8. Il résulte de ce qui précède, sans qu’il soit besoin d’examiner les autres moyens de la requête, que la société Trans Loc Aquitaine est fondée à soutenir que c’est à tort que, par le jugement attaqué, le tribunal administratif de Bordeaux a rejeté sa demande tendant à la décharge des rappels litigieux.

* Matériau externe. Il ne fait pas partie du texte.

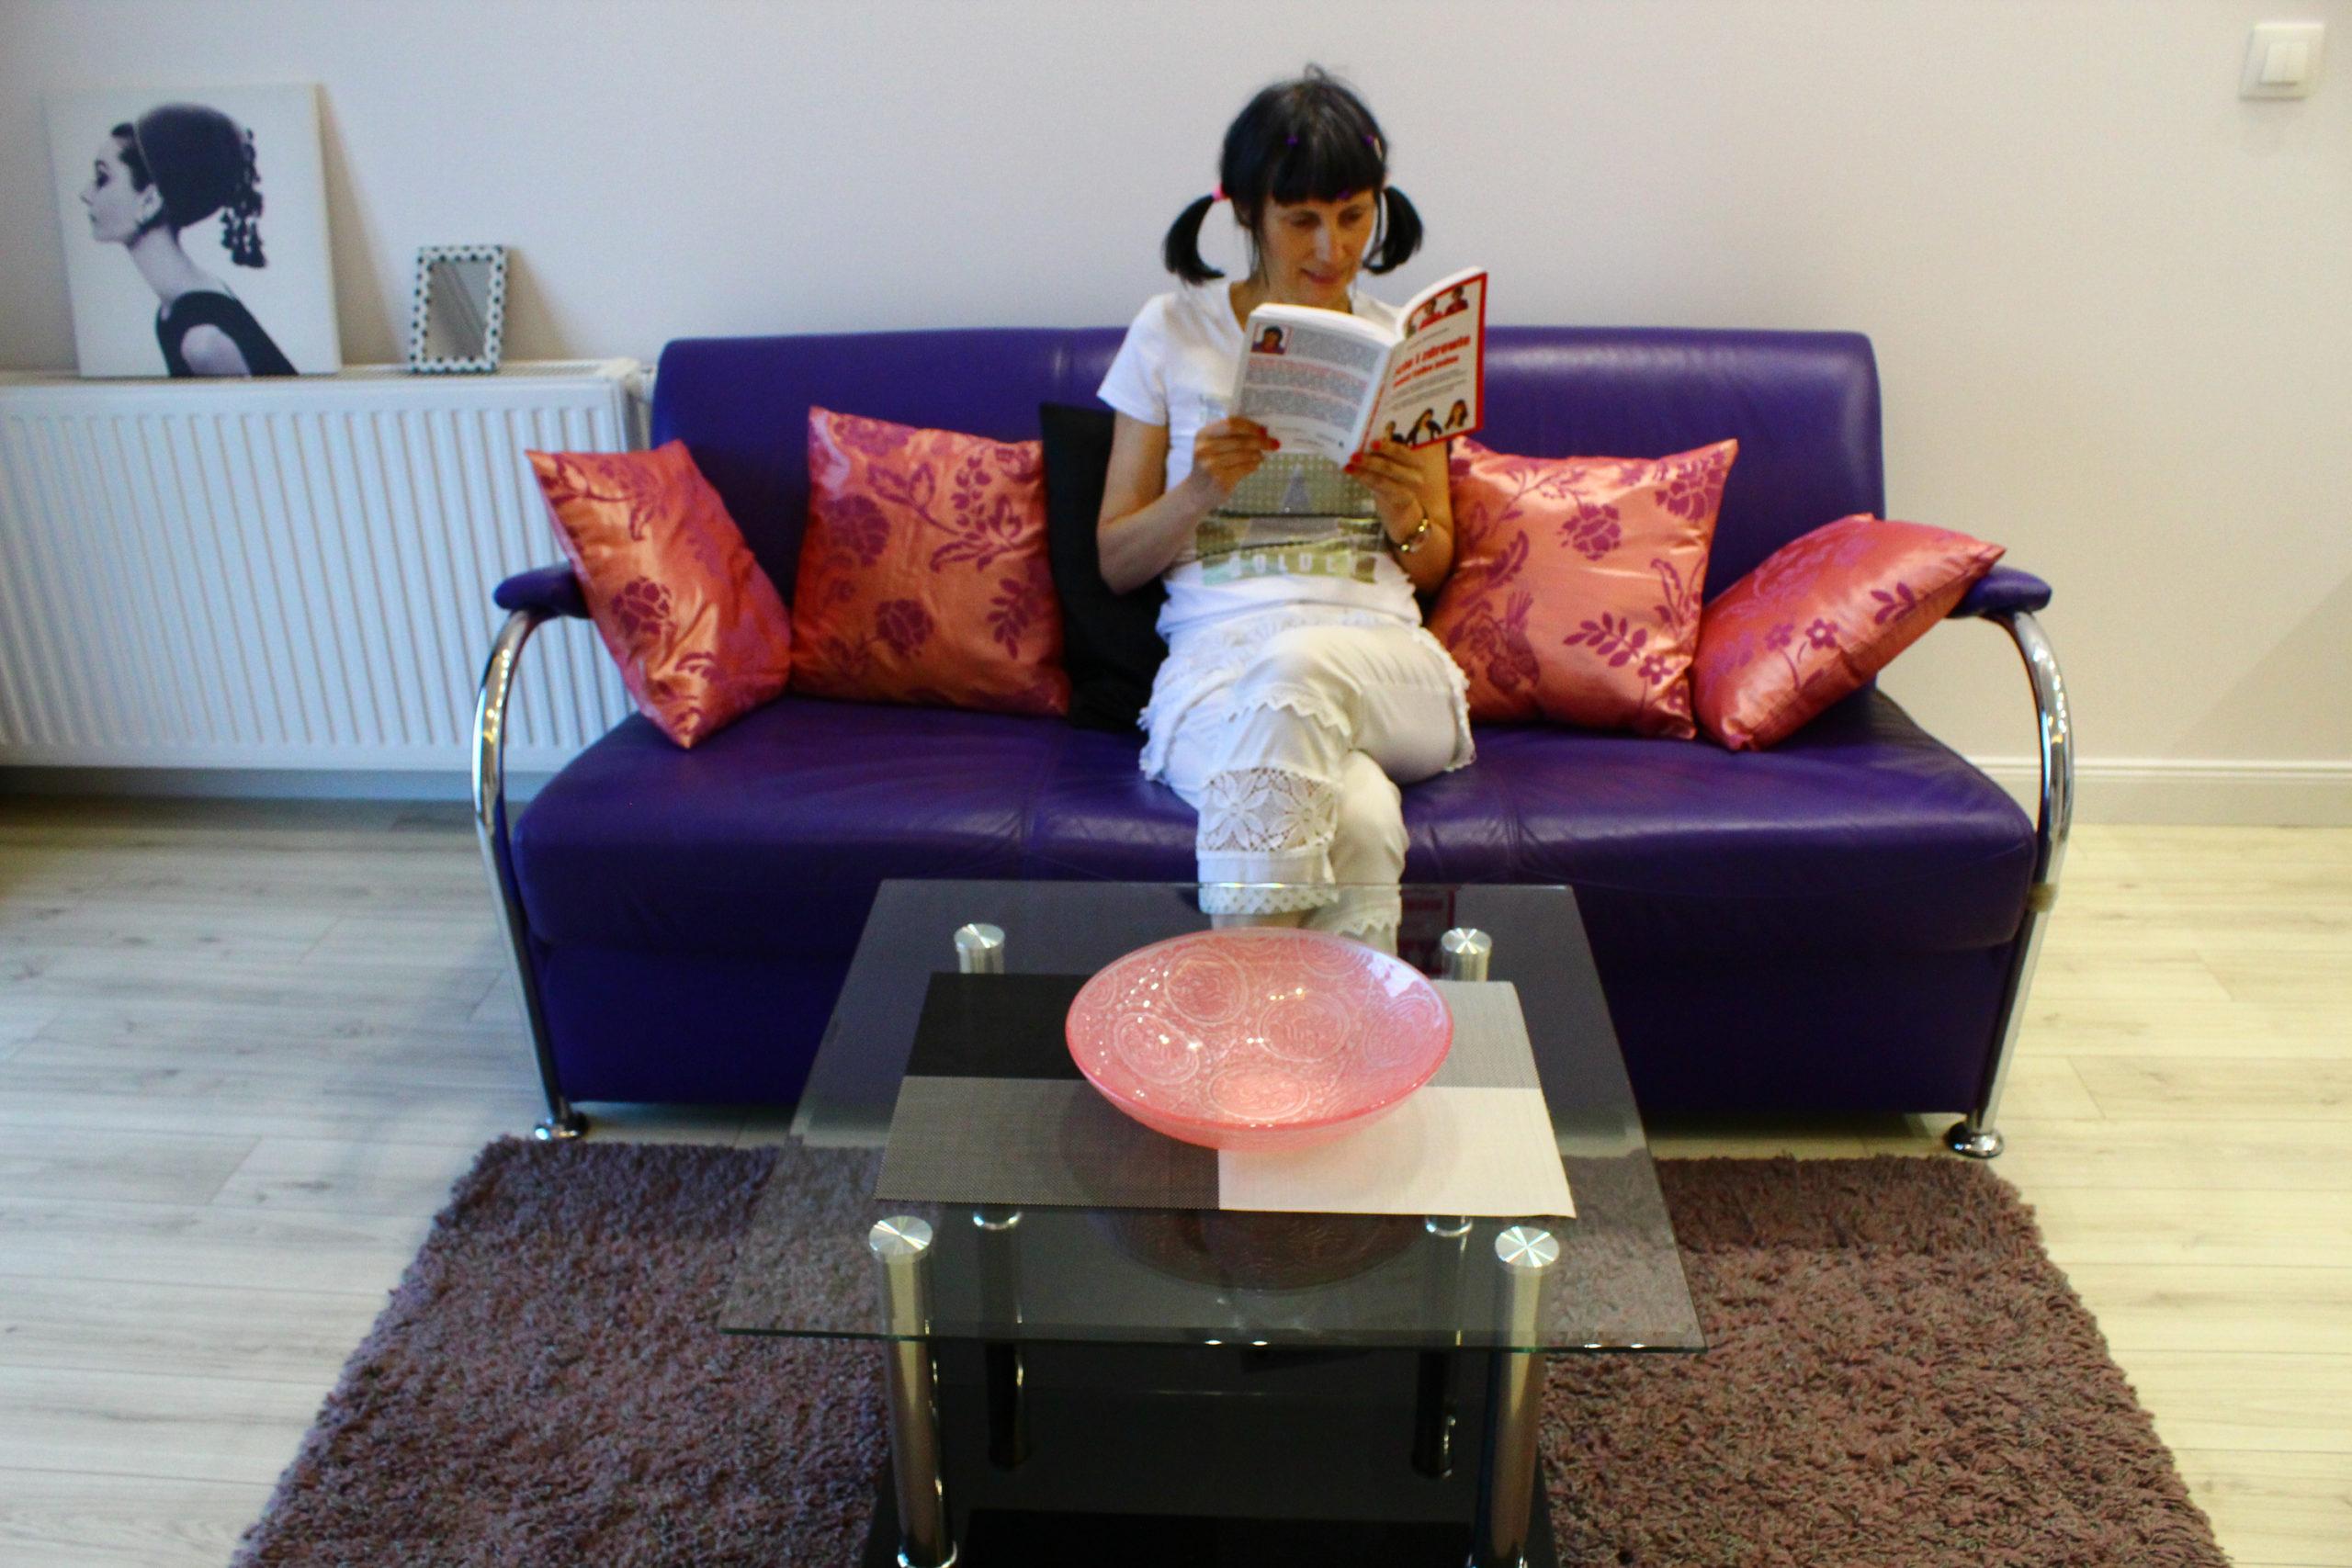 Viola czyta książkę na fioletowej kanapie

Sur les conclusions tendant à l’application de l’article L. 761-1 du code de justice administrative :

9. Il y a lieu, dans les circonstances de l’espèce, de mettre à la charge de l’Etat la somme de 1 500 euros à verser à la société Trans Loc Aquitaine en application des dispositions de l’article L. 761-1 du code de justice administrative.

DECIDE :

Article 1er : La société Trans Loc Aquitaine est déchargée des rappels de taxe sur la valeur ajoutée et d’impôt sur les sociétés, en droits et pénalités, auxquels elle a été assujettie pour l’année 2009 au titre de la solidarité de paiement avec la société So Fre Pat en application de l’article 1724 quater du code général des impôts.

Article 2 : L’Etat versera la somme de 1 500 euros à la société Trans Loc Aquitaine en application de l’article L. 761-1 du code général des impôts.

Article 3 : Le présent arrêt sera notifié à la société Trans Loc Aquitaine et au ministre de l’action et des comptes publics.

Délibéré après l’audience du 20 juin 2019, à laquelle siégeaient :

M. Aymard de Malafosse, président,

M. Laurent Pouget, président-assesseur,

Mme Marie-Pierre Beuve Dupuy, premier conseiller,

Lu en audience publique, le 25 juillet 2019.

Le rapporteur,

Laurent POUGET Le président,

Aymard de MALAFOSSE Le greffier,

Christophe PELLETIER

La République mande et ordonne au ministre de l’action et des comptes publics en ce qui le concerne, et à tous huissiers de justice à ce requis en ce qui concerne les voies de droit commun contre les parties privées, de pourvoir à l’exécution du présent arrêt.